Commodore 64 Microcomputer

Today I’m looking at a popular micro computer from the early 80’s the Commodore 64 or C64 for short. It was released in 1982 after machines like the Apple II, TRS 80 and CBM PET machines started a market for computers in the home. They became one of the most popular computers of all time selling more units than any other single model.

Commodore were able to under cut many of their competitors because they owned the chip maker MOS Technologies. This meant they could use chips like the 6502 at a lower cost and could include custom chips like the VIC II and SID with out paying as much for the chips. Other machines such as the ZX Spectrum, Apple II, TRS 80 and Atari 800 either had to use less capable of the shelf parts or pay more for chips with the same capability.



I have a C64c which is the later cost reduced version of the Commodore. You can see that it has a more modern chassis and now has a ventilation grill at the top. It does have the same keyboard, albeit in a different colour. The main changes are mostly on the main board with a reduced chip count and lower voltage to improve the reliability and cost of the machine.



I bought the Datasette for the machine first as many software titles came on audio cassette. I’ve found with the help of software and a tape player I was able to convert C64 images to audio tape for playing on the real machine. It takes ages for software to load but it allows you to play tape images you can get online. Recently I bought the SD2IEC pictured in the right of the photo. It allows you to load programs from an SD card. It connects to the floppy drive port and emulates it right down to the slow load times.



Here are the controllers I bought for my machine, a set of Commodore paddles as some games require them and two Competition Pro joysticks. The joysticks are good, although possibly in need of cleaning the contacts. They make a satisfying click when you press a button or move the stick. The paddles are reasonably accurate and aren’t suffering from jitter, a common problem for older paddles.



I was able to amass a good collection of cartridges for my system pretty quickly. I bought most of them in packs of 4 or 5 at a relatively good price. It is usually fairly easy to get games at a good price because they were fairly common. Cartridges less so as many games were distributed by tape or disk. I quite like having cartridges as they have less problems with media damage, especially if using a mask ROM. Floppy disks probably suffer the most from media damage and from damage to the floppy drives. Audio tape also suffers loss over time, but it usually isn’t as severe and many old games still load. I’d still archive them digitally but you’re less likely to have problems with them.
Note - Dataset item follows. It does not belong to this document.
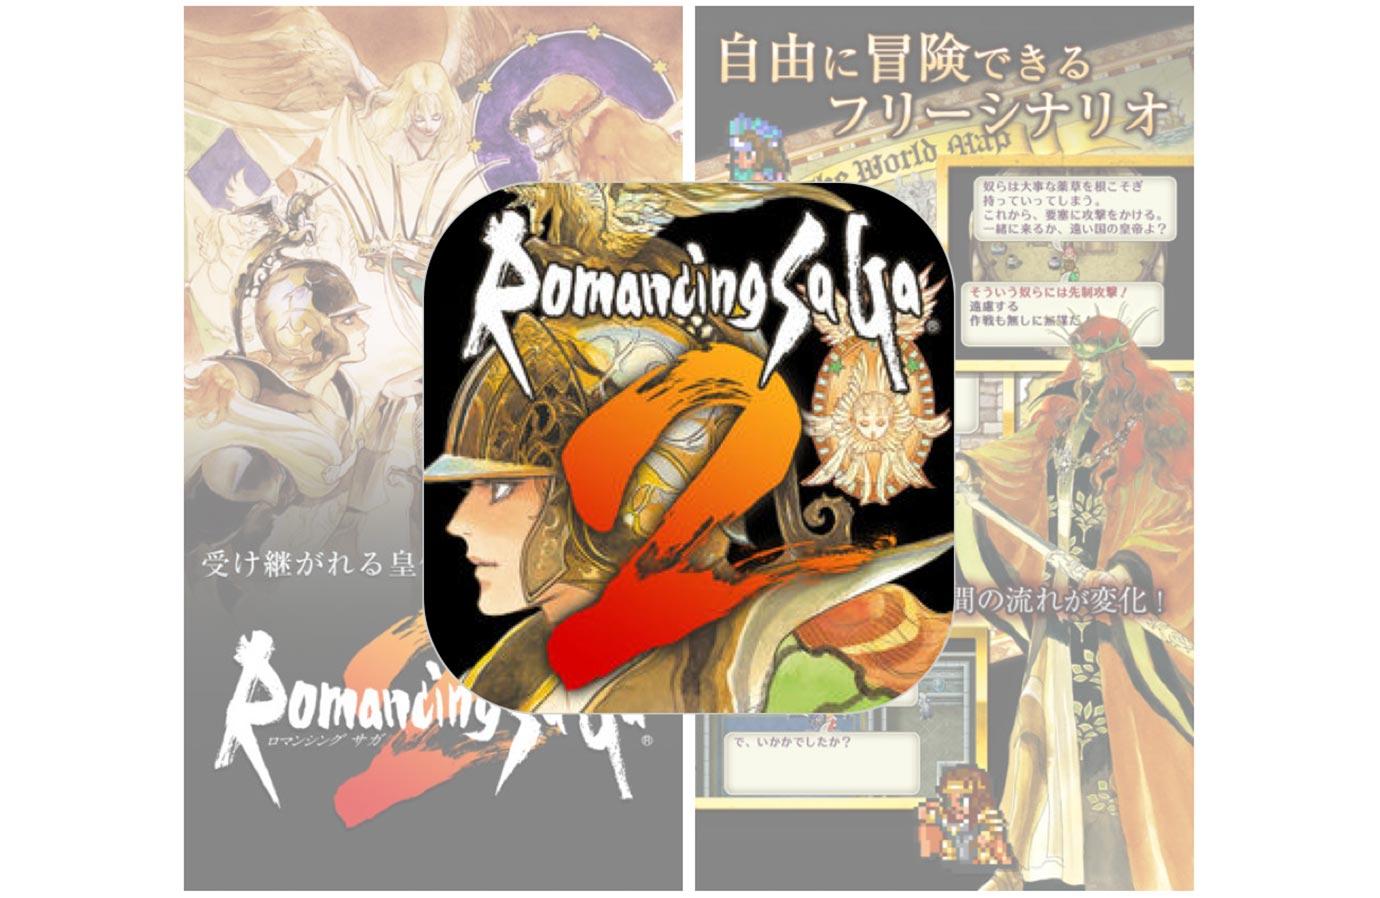 【18%オフ】スクエニ、iOSアプリ「ロマンシング サガ2」を1,800円で配信中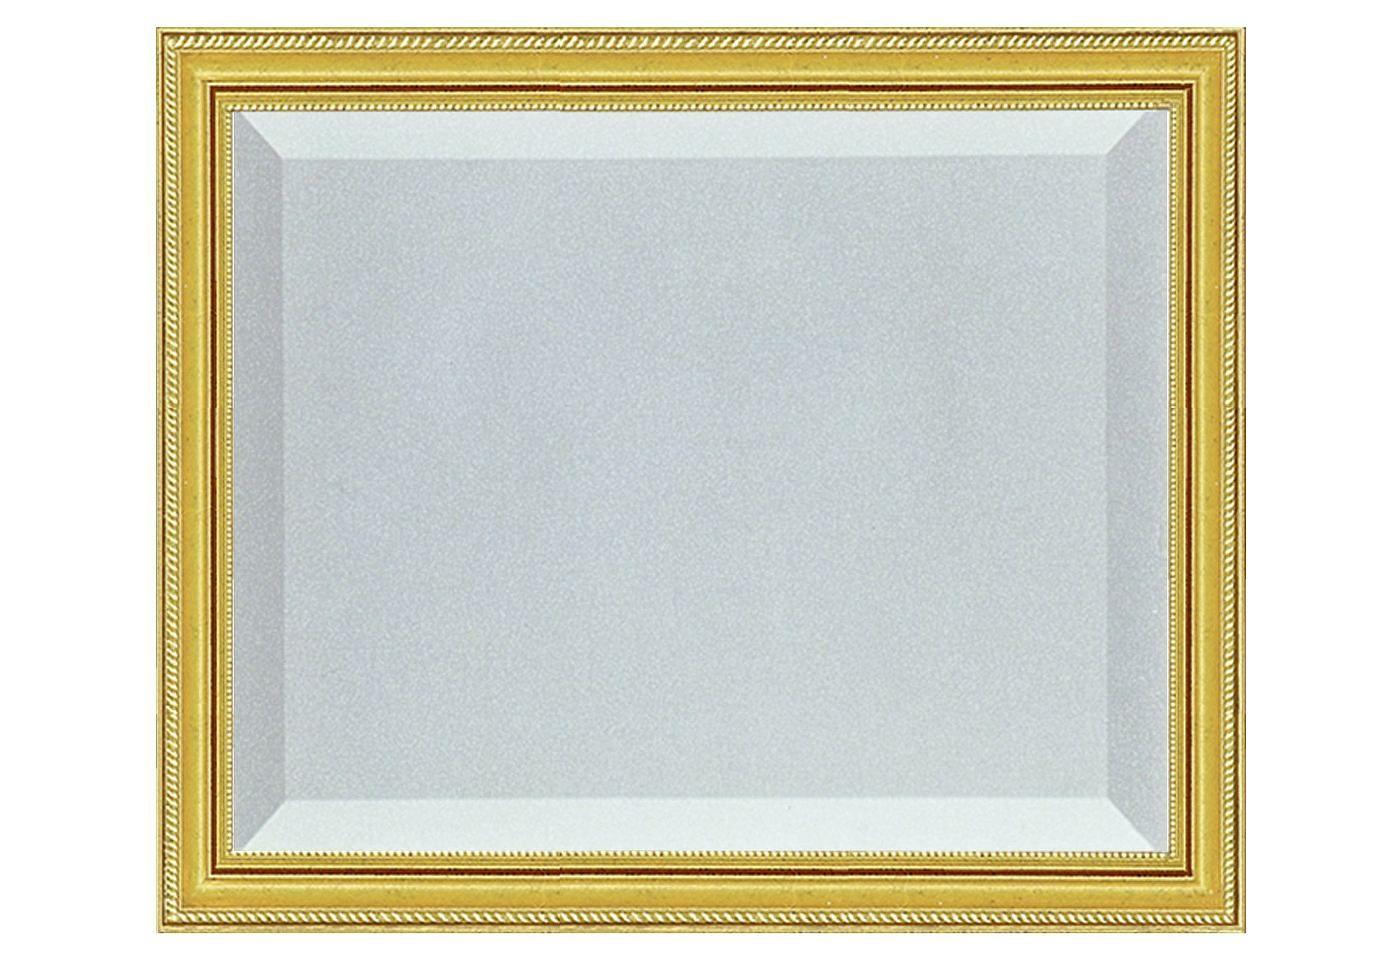 Spieglein, Spieglein an der Wand….  … dieses Glanzstück ist das Schönste im ganzen Land!  Der Spiegel mit Facette ist in einer goldfarbenen Leiste gerahmt und ist ein dekorativer und zugleich praktischer Klassiker für Ihr Zuhause.  Größe: 49,6/59,6 cm. Farbe: gold....

I didn’t own a C64 back in the day, so it was interesting getting one and trying out the software. When I first tried out the tape drive it did take a painfully long time to load anything but it was worth it once the game loaded and you certainly made the most of each session as it would take ages to load something else! The cartridge games have been fantastic because of the short loading times. I particularly like Wizard of Wor and Zenji but all the cartridge games are quite good.

Because the C64 was so common all the software, accessories and the machine itself are easy to find and relatively cheap. Finding software for devices like the SD2IEC is also easy because to the large internet community still supporting the machine. In short I highly recommend it for new collectors as an easy way to get your feet wet using old machines.


2 Responses to “Commodore 64 Microcomputer”

  1. April 21, 2014 at 2:51 pm

    The C64c like the one you have there was my first ever computer. I had it and a floppy disk drive and a ton of loose floppies. I never had a commodore monitor as mine was just hooked up to my tiny Magnavox TV via those weird antenna prong switch boxes. I never knew till later the earlier versions of the C64 were those “bread box” form factors that so many are fond of. personally I think their ugly as h***, though I’m told the SID chip that does the music is slightly different in the later 64c’s. I never noticed if that is the case.

    • April 21, 2014 at 9:26 pm

      Thanks for the comment Justin!

      I agree, I also prefer the newer design. They had improved the power consumption and lowered the internal voltage as well which makes them cooler and more reliable. Although I guess many people have nostalgic feelings for the old design which may explain their popularity with collectors.

      I am using the monitor connection with an av cable that outputs composite video and audio signals. I do this for better image and sound, it can make quite a difference! Of course back then most TVs didn’t have composite input so you used to require a monitor for better image quality. I’ve heard some of the switch boxes made the images worse than they already were.